Reputation: 3327
So I have a large dataframe with many columns. Let us say the two main columns I am interested are messages and names. Each message will be something like a personal status and will be accompanied by the person's name. Let's say I have a word bank of emotion/feeling words which is fairly huge but a condensed version could look like ['sad', 'happy', 'relieved', 'annoyed', 'angry', 'ecstatic', 'proud', 'disappointed']. For each name (and names could be repeated since they could have multiple messages), I want to keep track of the emotion words they have used and their accompanying counts. For example (I have made this up since I have a really large dataset):
Message Name
I am really happy with my progress. Alice
I was annoyed by his inconsideration. John
I felt proud after seeing her performance. Lisa
I am ecstatic after hearing the good news. Alice
I felt disappointed by her dishonesty Lisa
If I wanted something that would essentially tell me the following (I don't necessarily care about the format as long as it's clean): {Alice: happy:1, ecstatic: 1; John: annoyed:1; Lisa: proud:1, disappointed: 1}.

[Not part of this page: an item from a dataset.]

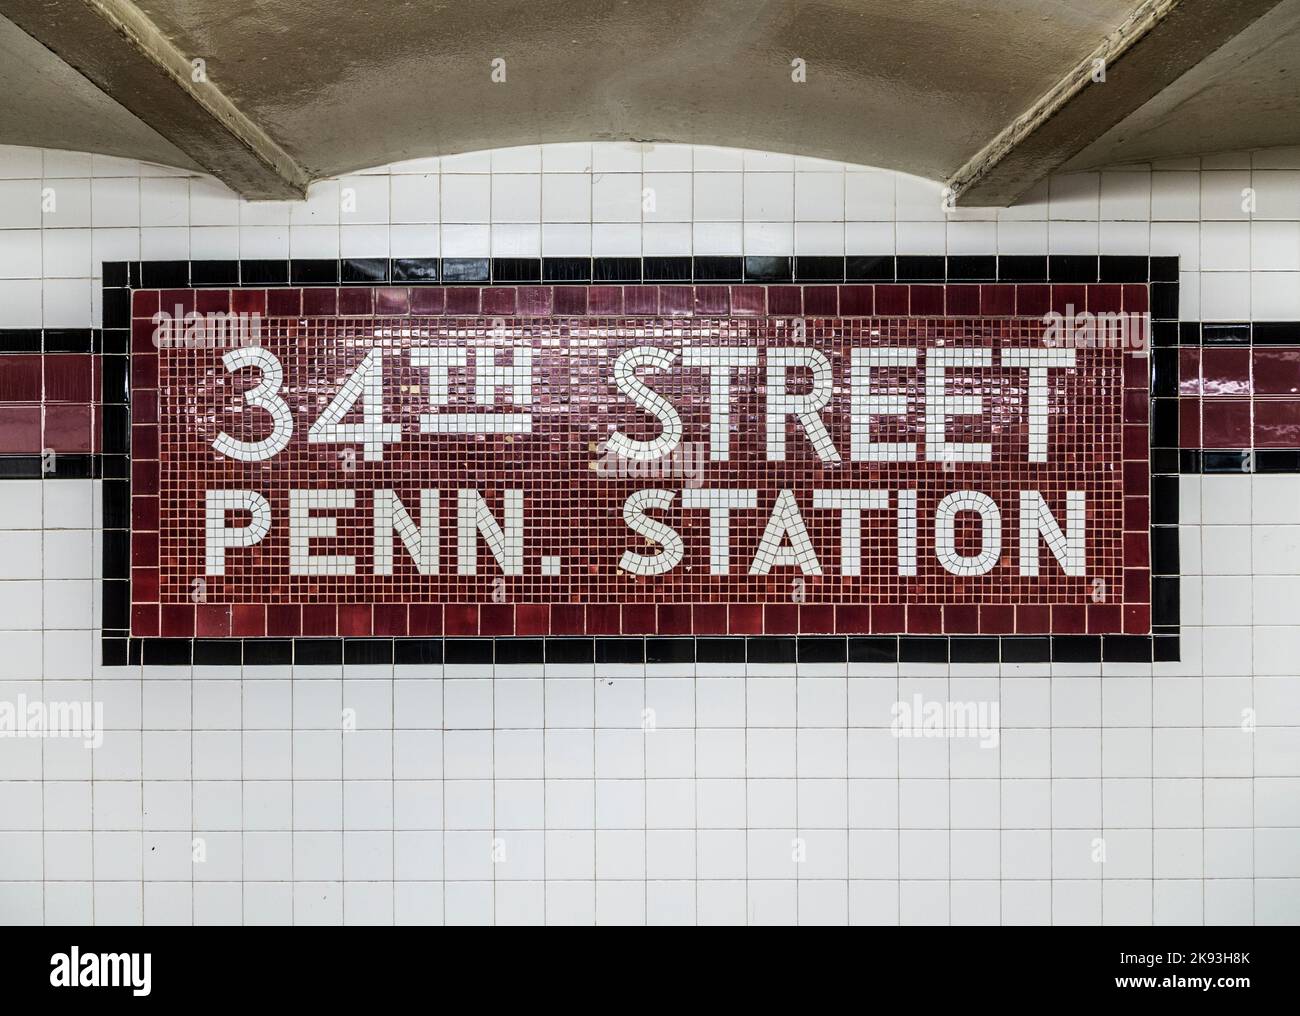 New York, USA - October 21, 2015: old vintage sign in the metro at the 34th Street Pennsylvania Station Subway stop in New York City. Stock Photo

What is the best/easiest way of doing this? Is a dictionary of dictionaries the best way to do this? Secondly (this is sort of an additional related question), after computing above, what if I wanted to find the most frequently used emotion word for each name. In this example everything is pretty much tied at 1, but imagine the counts were not the same.
Upvotes: 2
Views: 80
Reputation: 2561
If you are looking for a very easy way of accomplishing what you are looking for, I would suggest using the pandas groupby functionality in combination with the collections utility.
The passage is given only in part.